#Sparse copy from a megarepo

1 messages · Page 1 of 1 (latest)

warm pelican
#

II have an unusual scenario, as I'm working with Unreal Engine. Unreal is a monorepo, and it's a huge piece of software. After checking out the UE repo, running their proprietary Git-LFS alternative, and creating a single-platform build, the workspace grows to 10GB.

I want my Dagger pipeline to support clean CI checkouts and developer workspace without copying multiple GB unnecessarily.

First I tried using Directory includes + excludes. But Dagger uploads the entire workspace to the engine before applying include/exclude.

Then I tried using a virtual directory and withDirectorying a few select folders to it. This avoided upload of .git and Intermediates and other such folders, which was good. But it included the LFS files, which was not. Ideally, Dagger only hashes the gitdeps.xml file and the actual downloading or copying of the binary files referenced by that manifest occurs in the Dockerfile build process.

Then I tried using a virtual directory and withFileing the repo contents to it using the output of git ls-tree. This avoided upload of LFS files to the Dagger dir, but took way too long as each withFile has significant overhead and there are 148K tracked files.

Finally, I tried running git daemon on the host, on the workspace's .git dir, and used git(...).commit(...).tree() instead of directory(...). This was lightning fast - less than one minute (compared to over 10 for other approaches). Success! The only issue is, I could only get it working with the host's LAN address. git("git://localhost") and git("git://host.docker.internal") did not result in a successful connection to the daemon.
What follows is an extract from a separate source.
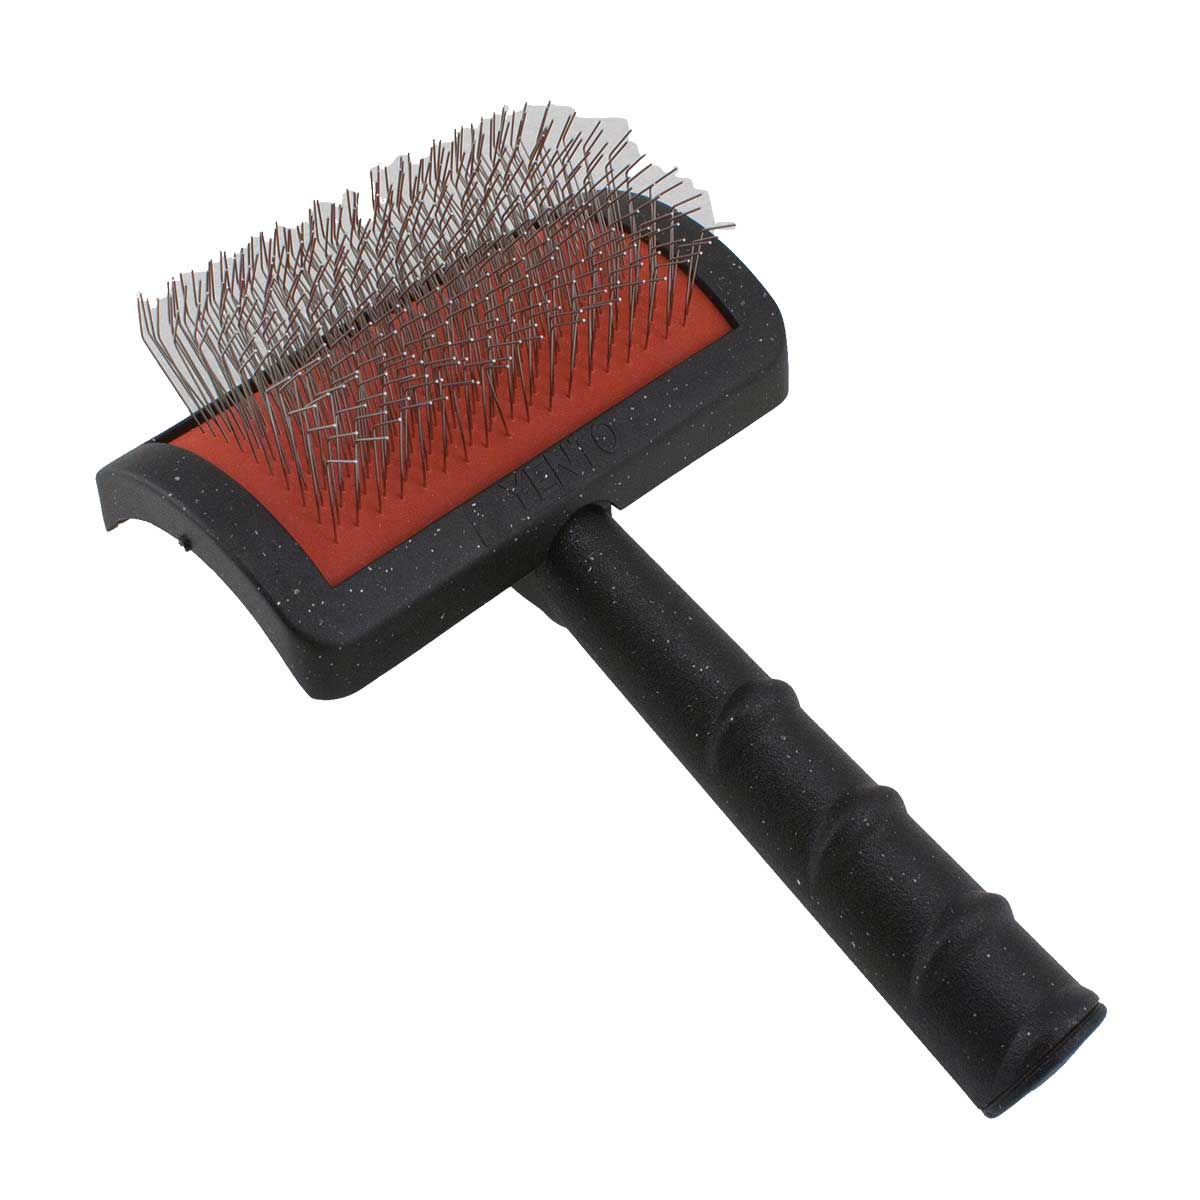 Yento Mega Pin Medium Slicker Brush for Pet Grooming

So, my question ultimately is: is there a better way to network with the host than querying its LAN IP from the script? Or is there a better approach to dealing with Unreal's girth that I haven't considered? I have noticed a few questions about bind-mounts around here and the answer tends to be "don't do it, use directory".

crimson badger
#

cc @high plover

#

@warm pelican what TZ are you in? Would love to chat more with you about it to find the best possible alternative.

high plover
#

I was just going to ping you on this @crimson badger 🙂

#

Also this will be a perfect combo with the host networking feature that @young owl is cooking

#

In which you will be able to query the Dagger API for eg.

container.WithServiceBinding("gitserver", host.Service(hostname: "host.docker.internal", ports: [{frontend: 22}])
rare glacier
#

Not sure if it is related, but it would be great if https://pkg.go.dev/dagger.io/dagger#Directory.Diff put the actualy diffs in the resulting directory, it looks like it contains those files which have changed. Though it would be hard to represent a deleted file...

we fell back to diff -R ./v0.27.0 ./v0.27.4

#

This would probably be better as a different func, as I imagine the current implementation is the Buildkit one

warm pelican
#

@crimson badger very cool, we basically had the same idea. I also noticed that I could mount a unix socket to a service, but wasn't sure if that was a viable path or not because the Git server was TCP. I'll go ahead and try out the service proxy setup that you showed off in the linked video. I'm UTC-7, feel free to DM me or @ me in the appropriate channel.

crimson badger
#

@warm pelican there's also a current workaround you can use if you're in Linux which is manually starting the engine and use the --add-host flag to be able to connect to the host service. Here's more info about it here #1136128194710356038 message

crimson badger
crimson badger
warm pelican
#

To follow up, I chatted with Marcos and confirmed that his integrated git server idea would indeed be very useful for Unreal Engine. Until that becomes available, I'm making do with a local git server and some network hacks.